Until 392, Theodosius ruled with a co-emperor in the West, first Gratian then Valentinian II. When the latter died in 392, Theodosius ruled the entire empire directly, the last Roman Emperor to hold undivided sway over both East and West. In his last years, a flurry of anti-pagan legislation emanated from Constantinople, part of a legal text known as the Theodosian Code. The religious sections of the Theodosian Code seem written to extirpate heresy and strictly punish continued adherence to paganism. While some of the punishments mandated by the code sound draconian, there is little evidence that these penalties were ever carried out. The anti-pagan proscriptions of the law seemed to have been enforced most stridently in the environs of Constantinople proper. Elsewhere in the empire, paganism continue to exist alongside Christianity in a spirit of competition, dying slowly between the 5th and 6th centuries.

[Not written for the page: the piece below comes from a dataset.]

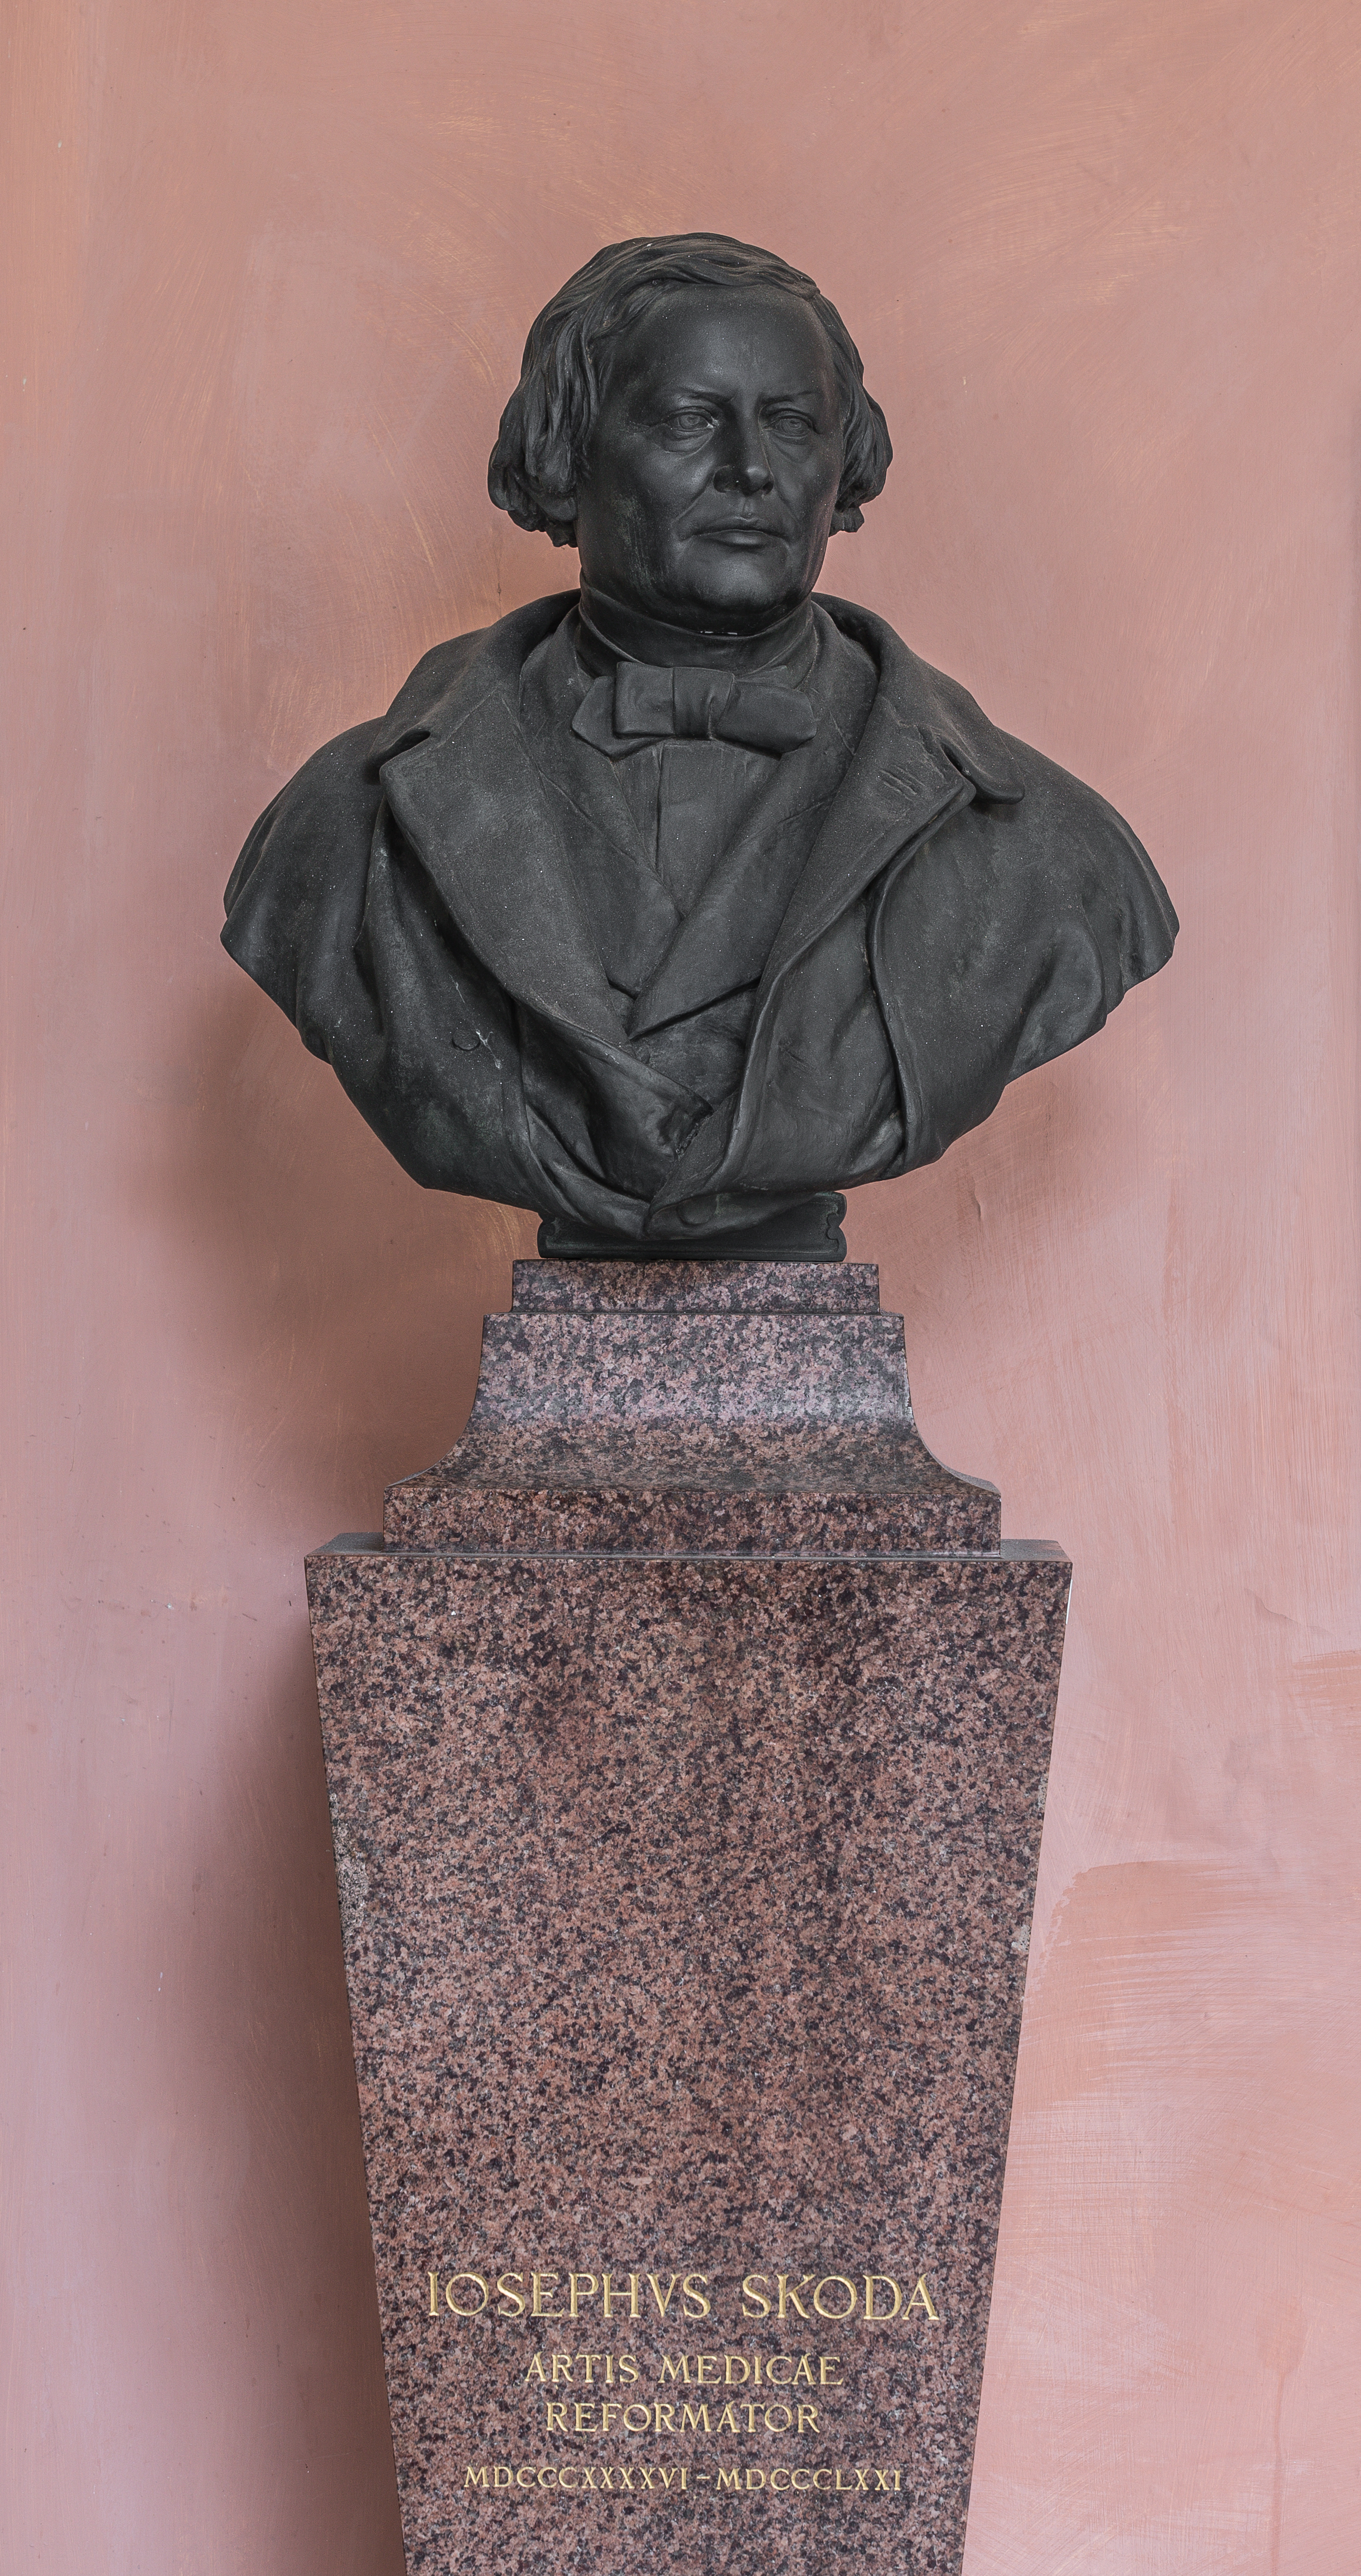 Josef von Skoda (1805-1881), Nr. 102 bust (bronce) in the Arkadenhof of the University of Vienna--34
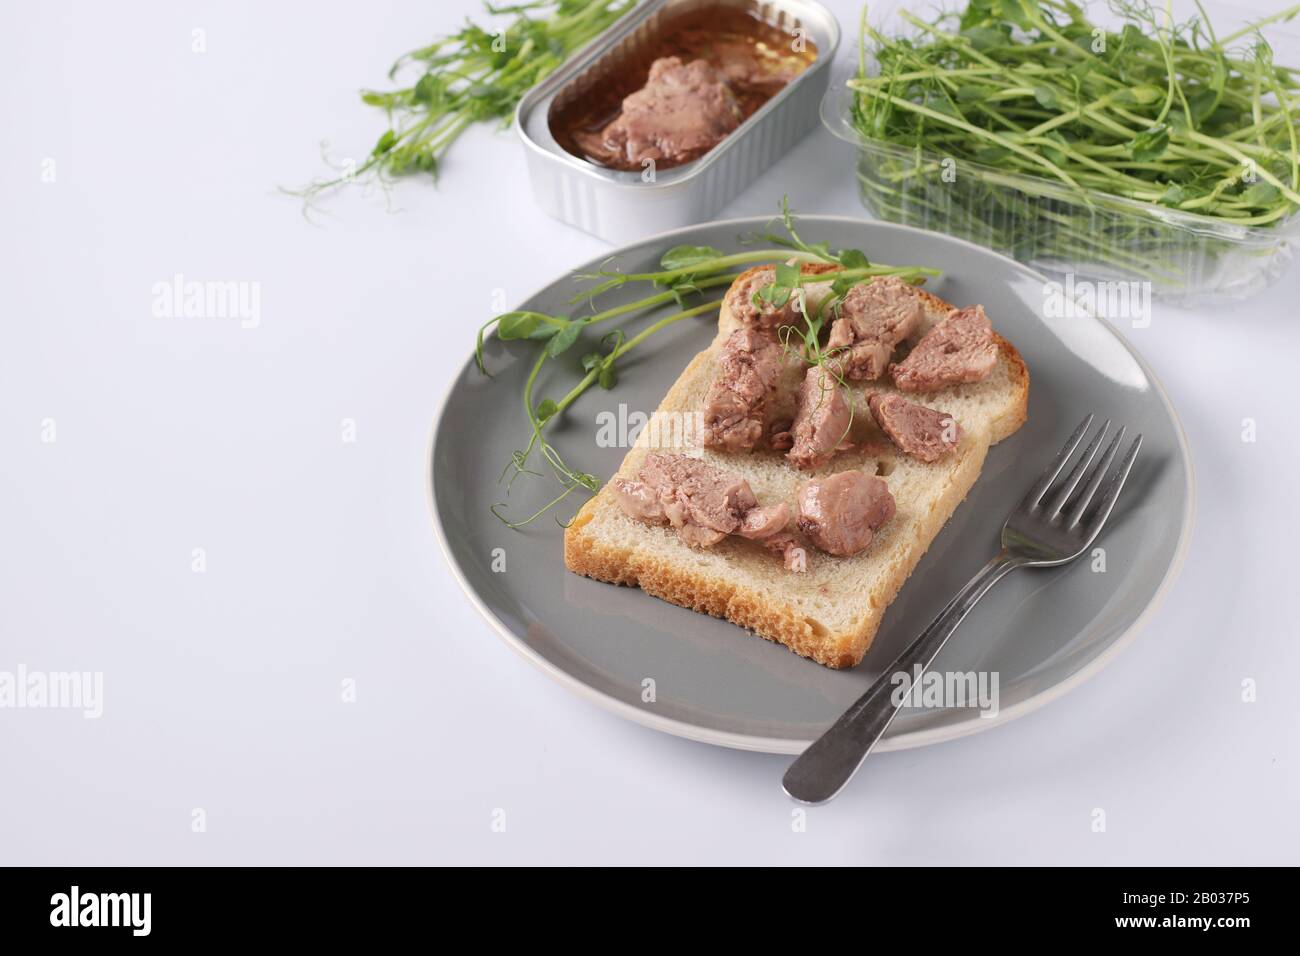 Gesunde Nahrung, Sandwich mit Dorschleber und Erbsen Mikrogrine auf einer  Platte auf weißem Hintergrund Stockfotografie - Alamy

Theodosius’s reign marked a kind of watershed in late Roman history. Theodosius himself was not always the paragon of Christian virtue; indeed, one of his claims to notoriety was his massacre of the people of Thessalonica, which got him excluded from the sacraments by St. Ambrose. Nevertheless, he did play an instrumental role in completing the Christianization of the empire begun under Constantine. While paganism and heresy were not entirely extirpated in his day, Theodosius’s legislation ensured the ascendancy of Catholicism and rendered its triumph inevitable.